Figure 4: Hydrograph of mean daily streamflows at SWQM 16396, 16397, and 16882 with reported total daily precipitation at Easterwood Airport.

GLMs and GAMs relied on local precipitation and temperature data to estimate streamflows at each SWQM station (Figure 1; Figure 2). The GLM was of form:

\[\begin{multline} Q = P + T + DOY + P_{sum,3} + T_{mean,5} + (P\times T) + (P \times P_{sum,3})\\ + (P \times T_{mean,5}) + (T \times P_{sum,3})\\ + (T \times T_{mean,5}) + (P_{sum,3} \times T_{mean,5}) \tag{5} \end{multline}\]

where \(P\) is total daily precipitation and \(T\) is mean daily temperature, and are assumed to be the main forcing variables influencing streamflow. \(DOY\) is day of the year and included as a seasonal predictor. \(P_{sum,3}\) is the rolling 3-day sum rainfall and included as an indicator of wetness in the watershed. \(T_{mean,5}\) is the rolling 5-day mean temperature and included as an indicator of seasonal temperature condition that is less daily variance than \(T\) and maybe an improved indicator of potential evapotransportation conditions. The GLM error structure was fit with a scaled t distribution and a log link function.

The GAM included the same variables but with smoothing functions:

\[\begin{multline} Q = f(P) + f(T) + f(DOY) + f(P_{sum,3}) + f(T_{mean,5})\\ + f(P,T) + f(P, P_{sum,3}) + f(P,T_{mean,5})\\ + f(T,P_{sum,3}) + (T,T_{mean,5}) + f(P_{sum,3},T_{mean,5}) \tag{6} \end{multline}\]

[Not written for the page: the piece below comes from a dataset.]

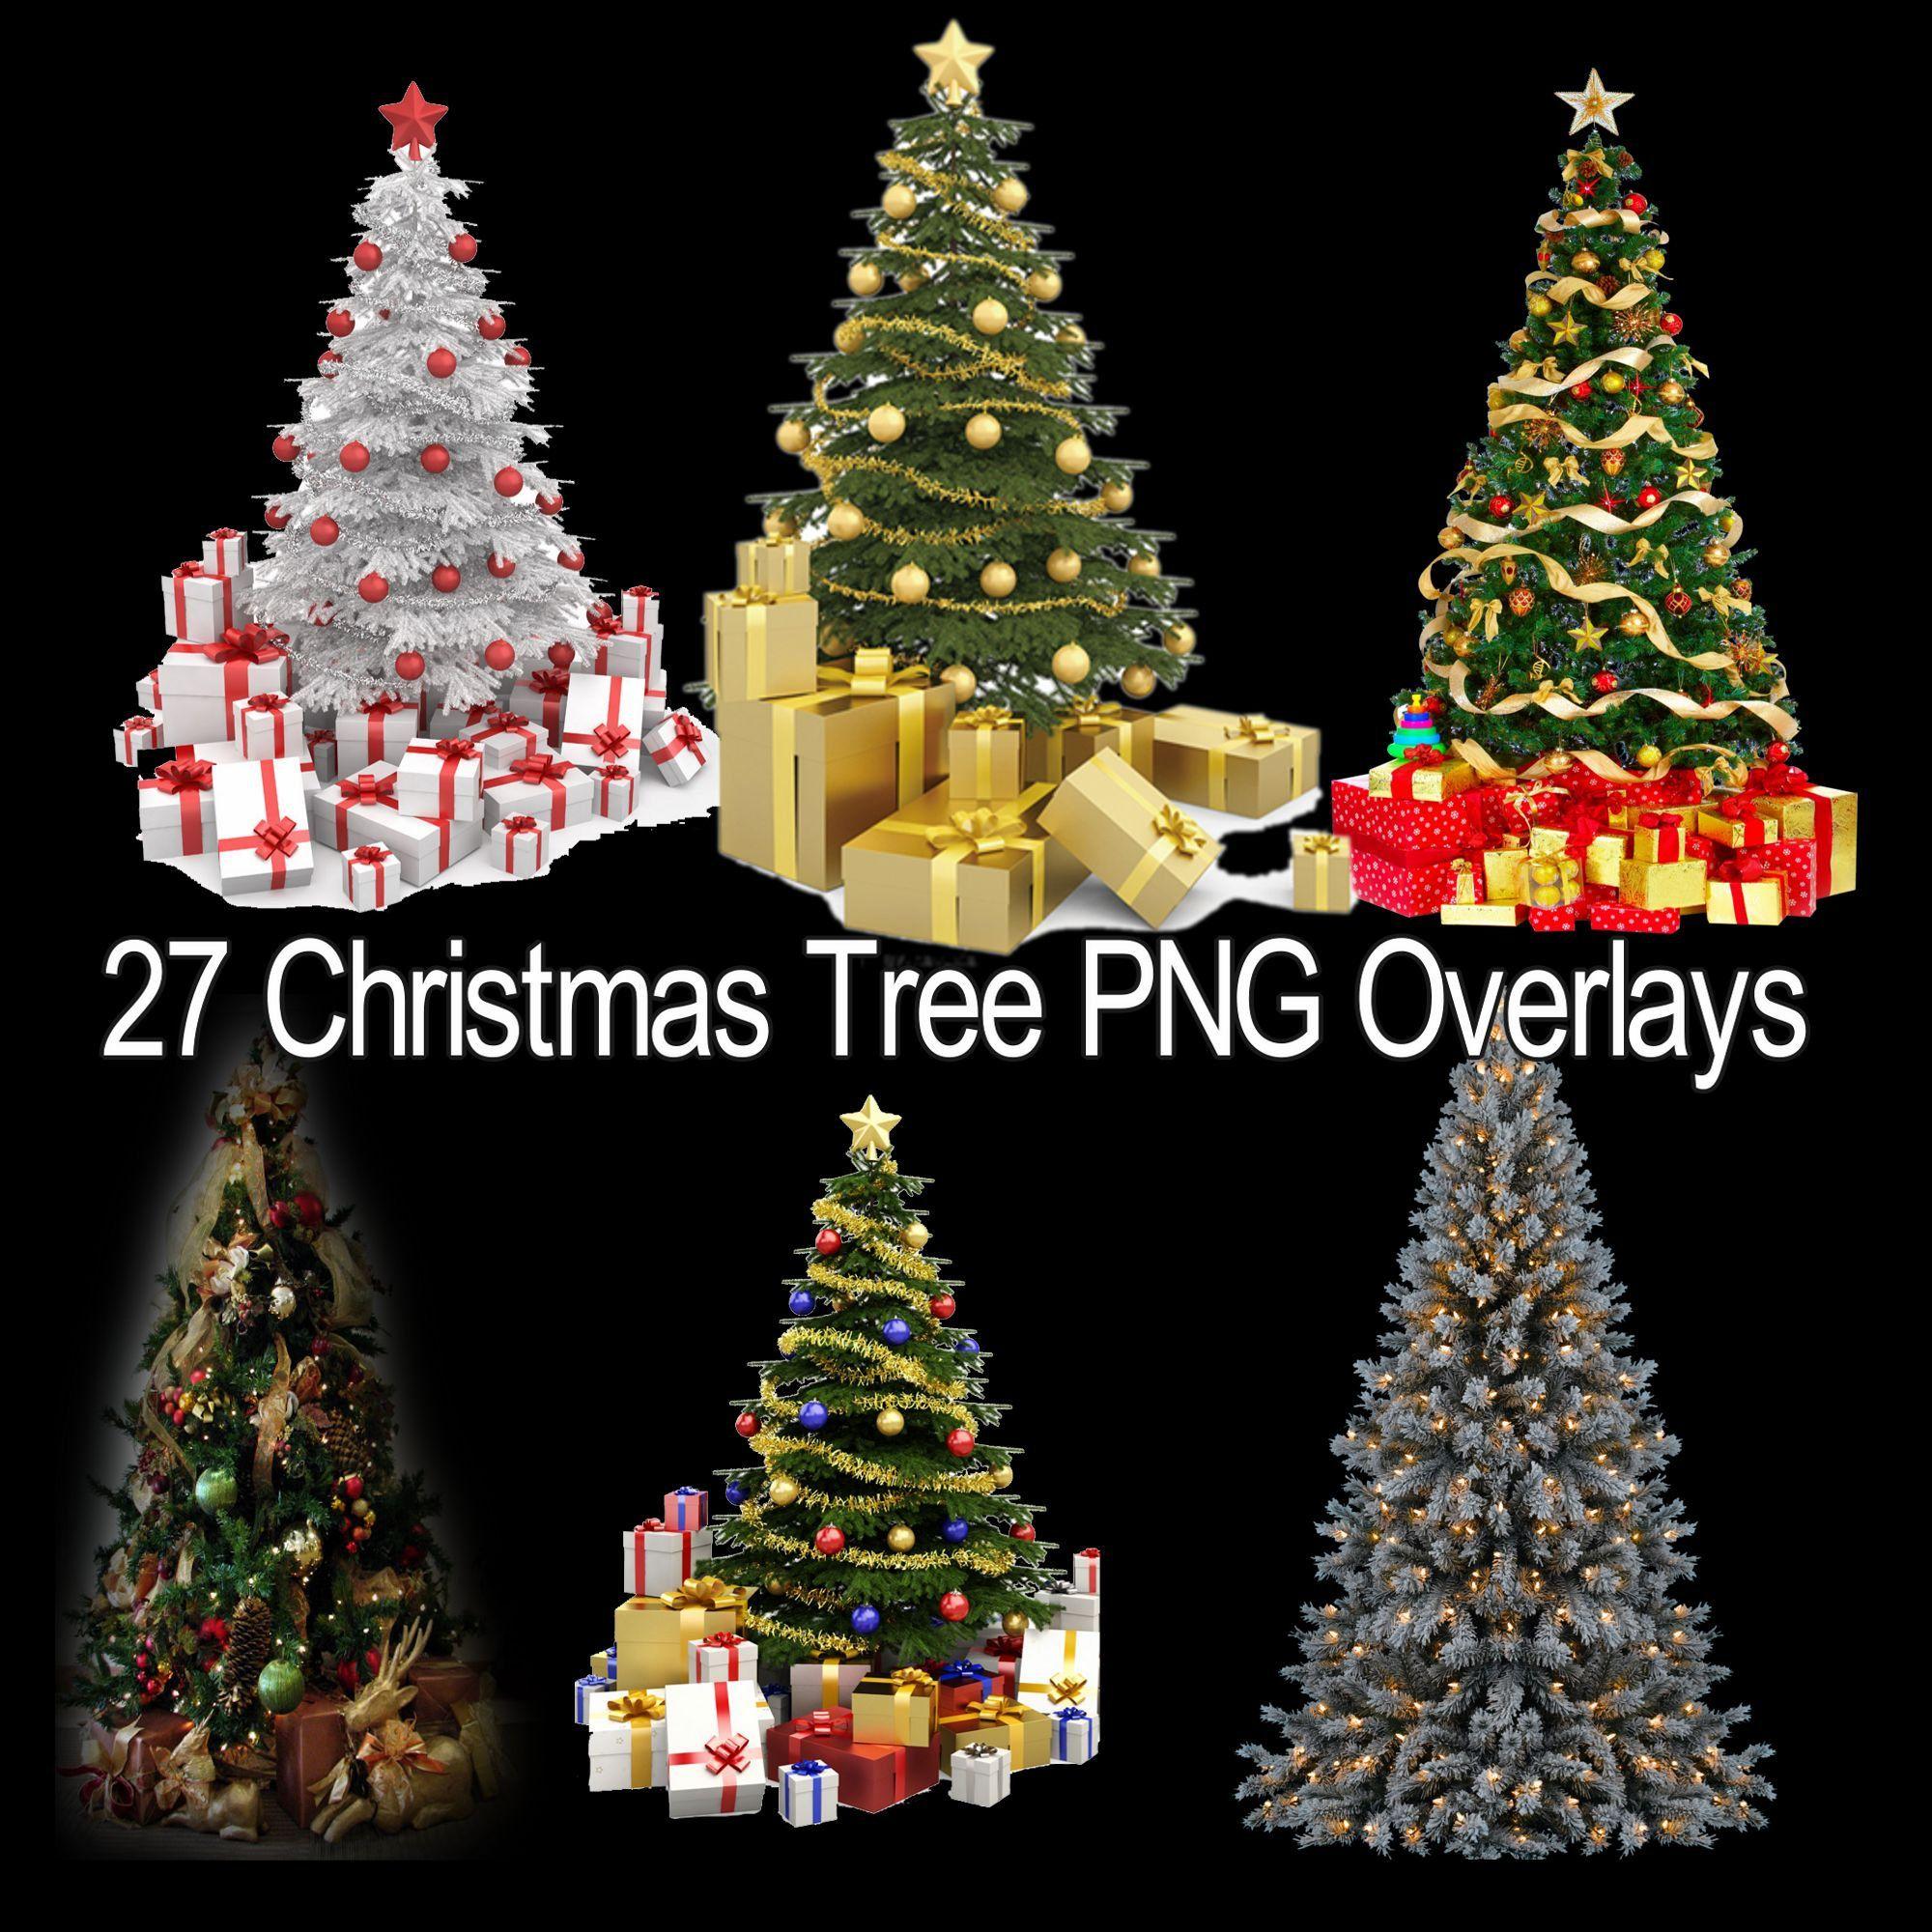 Christmas Tree Photoshop Overlays Christmas Tree Christmas Etsy Tree Photoshop Photoshop Overlays Overlays Transparent
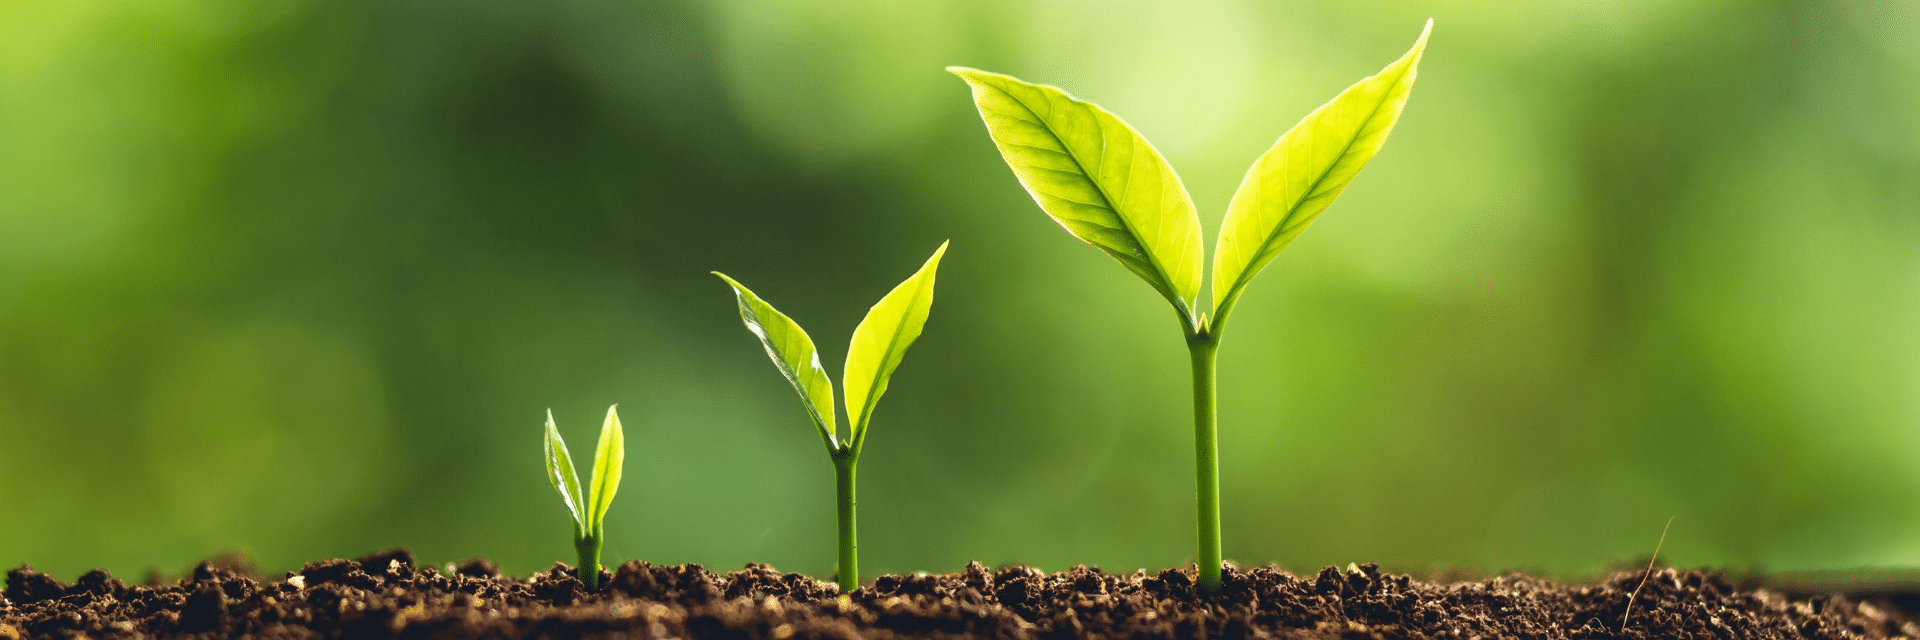 3 budding plants emerging from soil

where \(f()\) is the smoothing function. Where a single covariate is smoothed, a thin plate regression spline was fit to the data using restricted maximum likelihood to estimated the automatically select the optimal smoothing parameters. For smoothing functions applied to two parameters, a tensor product smooth function was applied. The GAM error structure was fit using the scaled t distribution and a log link function.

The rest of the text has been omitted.